# Scanning through pixels vertically first, then across the width

Instead of running the for loop through each pixel, like below.

``````for i in range(len(pixels)):
if pixels[i] = 50
break
``````

I want to keep the column the same but jump rows; going down the image to analyze pixel from top to bottom first, then across the row. The purpose is to find the closet pixel from the left side of the image with a given value.

Here’s my code.

``````width = imp.width;
height = imp.height;

for i in range(width):
for j in range(height-1):
if pixels[((width+1)*j)+i] > 10:
pix = ((width+1)*j)+i;
break
``````

this doesn’t work. Any help.

Hello Iet -

There are two problems with your code:

First, your “+1”. “-1” on the index arithmetic is incorrect.*

Second, you have two nested loops, and your `break` only breaks
out of the innermost loop.**

Here is code that works:

``````width = 10
height = 20

pixels = range (width * height)

for i in range (width):
for j in range (height):
pix = width * j + i
print 'pixel =', pixels[pix]
if pixels[pix] > 10:
break
if pixels[pix] > 10:
break

print 'i =', i, ', j =', j
print 'pix =', pix
``````

(I’ve added a couple of print statements to help make clear
what is going on.)

*) One way to see this is to note that for my values of
`width = 10` and `height = 20` , the maximum allowable
value for the index into the `pixels` array is 199, but your
pixel-index expression, `pix = ((width+1)*j)+i` , takes on
a maximum value of 207 when `i = 9` and `j = 18`, larger
than the allowable 199.

**) I’ve simply added a second `break` statement to break
out of the outer loop that duplicates the test condition of the
inner `break` statement.
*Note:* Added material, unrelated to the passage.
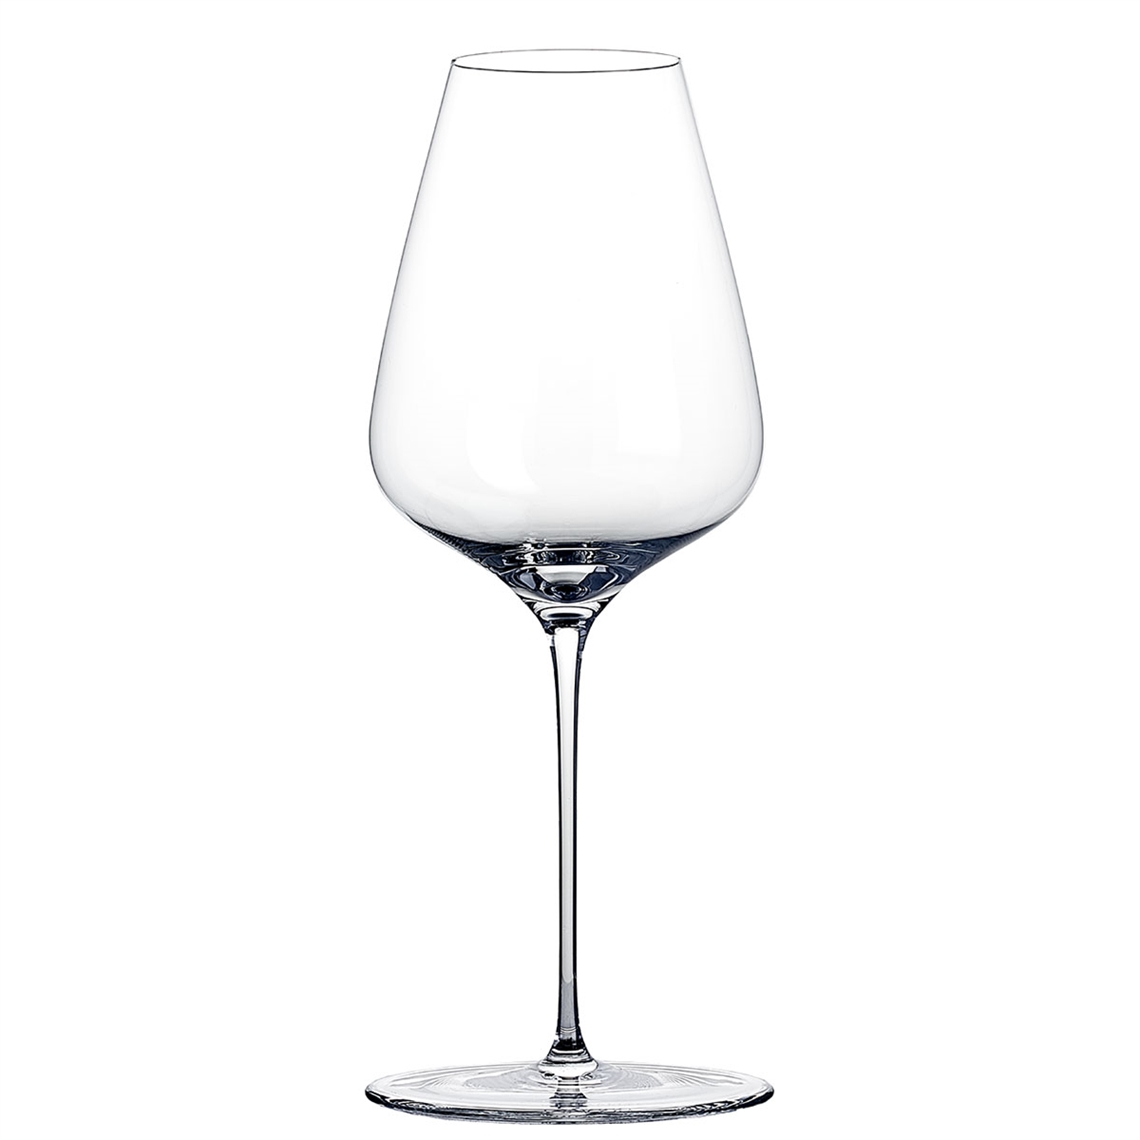 Grassl Glass Vigneron Series Mineralite White Wine Glass - Set of 6

This is perhaps not the most elegant
approach, but it gets the job done and makes clear what is
going on.

Thanks, mm

thank you, it works great. Is it possible to use a reduce function to do the same operation?

``````def farleft(pixel):
if pixel%width > (pixel+1)%width:
if pixel  >  1:
return pixel

reduce(farleft, pixels)
print(pixel)
``````

returns - `TypeError: farleft() takes exactly 1 argument (2 given)`

I think reduce might be faster than a for loop? What do you think?